I was also interested in developing the project as an expression of local and regional history, to as the public historian Robert Weyeneth put it, to honor “the nobility of nearby history,” and to “use the specifics of locality to open up conversations about big issues and large debates.” As I write in the project’s introduction, many people have heard about the underground railroad, and a good number probably have seen maps of its “networks” online or in American history textbooks. But fewer have considered it as “nearby history,” meaning a past nearby physically, or easily visible in local communities, and a past nearby culturally, or, possibly less easily, as a continuing influence on the people of Western Illinois.

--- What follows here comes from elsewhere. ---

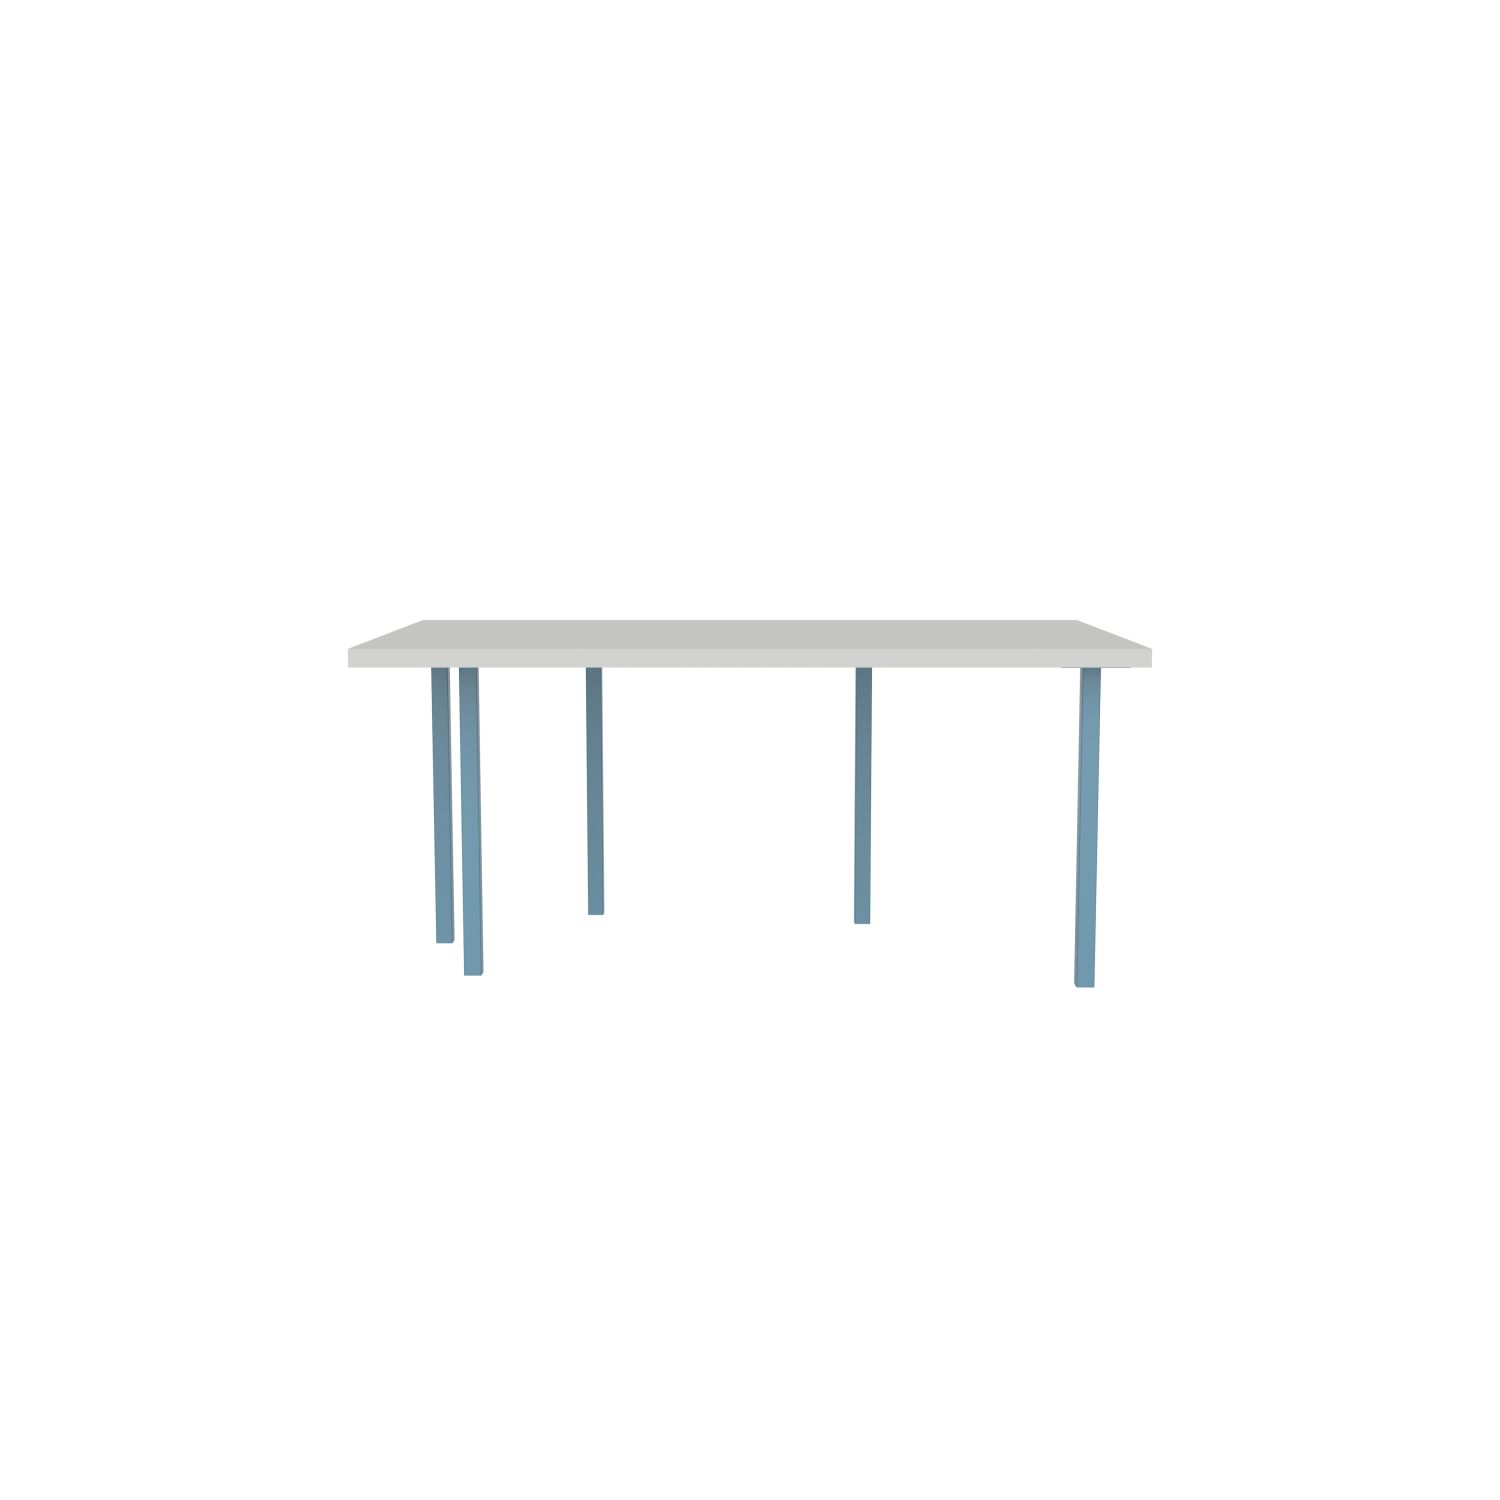 lensvelt bbrand table five fixed heigt 103x172 hpl boring grey 50 mm price level 1 blue ral5024

As a result of considering the course’s materials on audiences analysis and on the basis of a few interviews and feedback about the site from people in Western Illinois, I decided to focus the site on attracting usage by students and teachers in the region who may be interested to develop research projects on the underground railroad; on history-minded visitors to the area and its heritage tourist organizations who are interested to see and promote actual locations of underground railroad activities; and on residents  of the region who may use the site’s accompanying Facebook page as a forum to share their own stories about the underground railroad or perspectives on how the issue of racial discrimination at the heart of the underground railroad continues to the shape the region. As, hopefully, the site’s Facebook page cultivates a community interested in keeping up with the project’s development and expansion, I may use Twitter to experiment with techniques I have learned about in the course.

Sources

Becker, Carl. “Everyman His Own Historian.” American Historical Review 37.2 (January 1932): 221–36.

Brennan, Sheila and Sharon Leon. “Building Histories of the National Mall: A Guide to Creating a Digital Public History Project.” Roy Rosenzweig Center for History and New Media. October 2015.

Cohen, Noam. “History Comes to Life With Tweets From Past.”The New York Times. Published November 17, 2013.

Goltz, Schlomo. “A Closer Look At Personas: What They Are And How They Work (Parts 1 and 2).” Smashing Magazine. August 6, August 13, 2014.

Kalfatovic, Martin et al. “Smithsonian Team Flickr: a library, archives, and museums collaboration in web 2.0 space.” Archival Science (October 2009).

Lindsay, Anne. “#VirtualTourist: Embracing Our Audience through Public History Web Experience.” The Public Historian 35.1 (February 2013): 67-86.

McClurken, Jeffrey. “The Journal of American History.” The Organization of American Historians, (September 2013).

Medero, Shawn. “Paper Prototyping.” A List Apart. Published on January 23, 2007. Published in Layout & Grids, Information Architecture, Interaction Design.

Meringolo, Denise. Prologue and Conclusion to Museums, Monuments, and National Parks: Toward a New Genealogy of Public History. Amherst: University of Massachusetts Press, 2012.

Reese, Diana. “Quantrill rides again to Lawrence: This time on Twitter #QR1863.”The Washington Post. Published August 21, 2013.

Weyeneth, Robert. “What I’ve Learned Along the Way: A Public Historian’s Intellectual Odyssey.” The Public Historian 36.2 (May 2014): 9-25.